David R. Cheriton School of Computer Science, University of Waterloo, Waterloo, Ontario, Canada N2L 3G1.
Bioinformatics. 2013 Jul 15;29(14):1768-75. doi: 10.1093/bioinformatics/btt274. Epub 2013 May 10.
Label-free quantification is an important approach to identify biomarkers, as it measures the quantity change of peptides across different biological samples. One of the fundamental steps for label-free quantification is to match the peptide features that are detected in two datasets to each other. Although ad hoc software tools exist for the feature matching, the definition of a combinatorial model for this problem is still not available.
A combinatorial model is proposed in this article. Each peptide feature contains a mass value and a retention time value, which are used to calculate a matching weight between a pair of features. The feature matching is to find the maximum-weighted matching between the two sets of features, after applying a to-be-computed time alignment function to all the retention time values of one set of the features. This is similar to the maximum matching problem in a bipartite graph. But we show that the requirement of time alignment makes the problem NP-hard. Practical algorithms are also provided. Experiments on real data show that the algorithm compares favorably with other existing methods.
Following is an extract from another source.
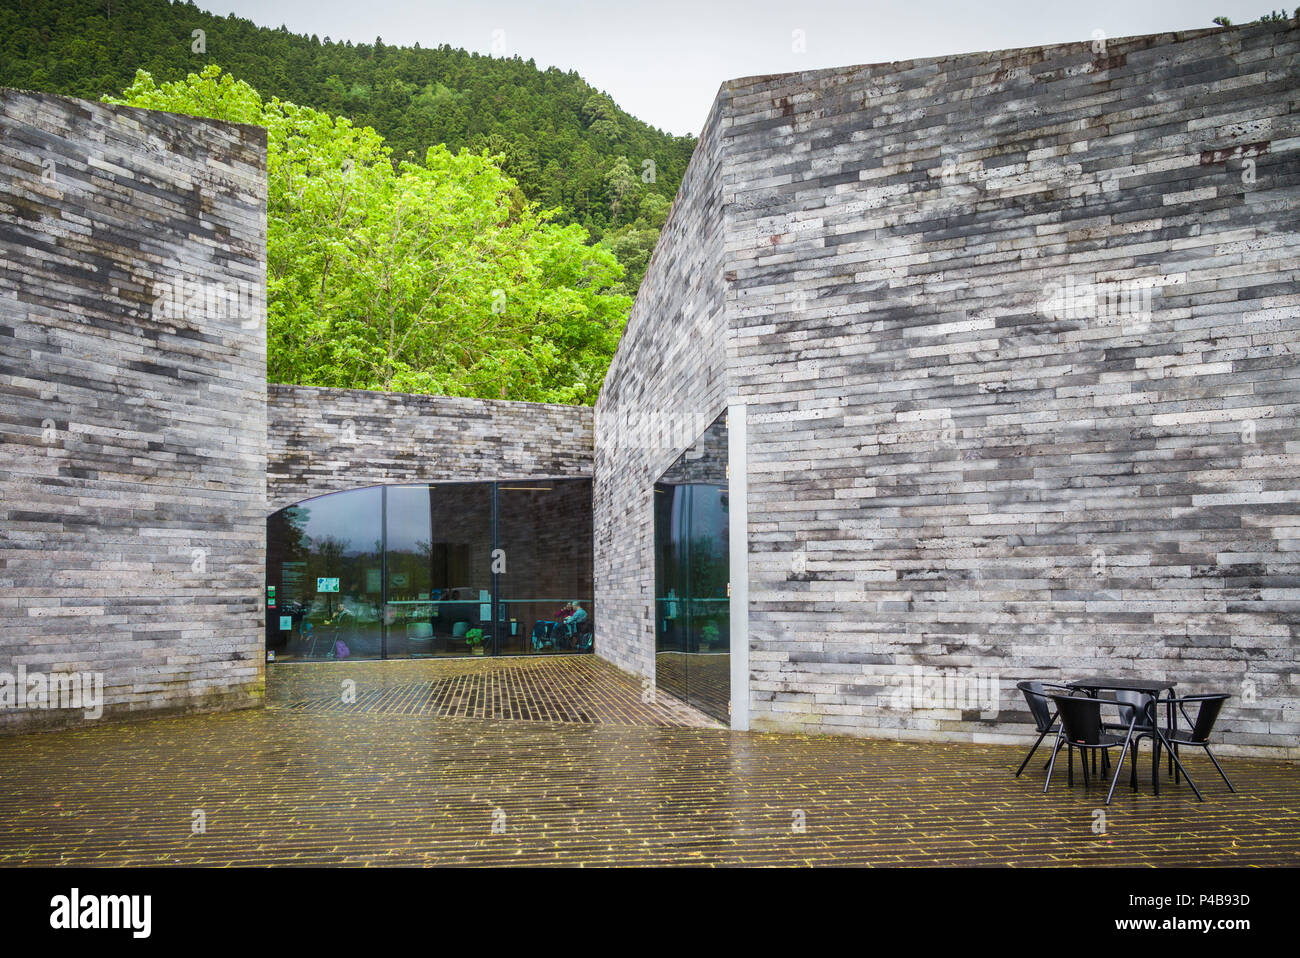 Portugal, Azores, Sao Miguel Island, Furnas, Lago das Furnas lake, Furnas Monitoring and Research Centre, lake monitoring buildings by architects Aires Mateus and Associates, exterior Stock Photo

Supplementary data are available at Bioinformatics online.
无标记定量是识别生物标志物的一种重要方法,因为它可以测量不同生物样本中肽的数量变化。无标记定量的基本步骤之一是将在两个数据集检测到的肽特征相互匹配。尽管存在用于特征匹配的特定于应用程序的软件工具,但该问题的组合模型的定义尚不可用。
本文提出了一种组合模型。每个肽特征都包含一个质量值和一个保留时间值,用于计算一对特征之间的匹配权重。特征匹配是在对一组特征的所有保留时间值应用待计算的时间对齐函数之后,找到两组特征之间的最大加权匹配。这类似于二分图中的最大匹配问题。但我们表明,时间对齐的要求使得该问题具有 NP 难。还提供了实用算法。在真实数据上的实验表明,该算法优于其他现有方法。
补充数据可在 Bioinformatics 在线获得。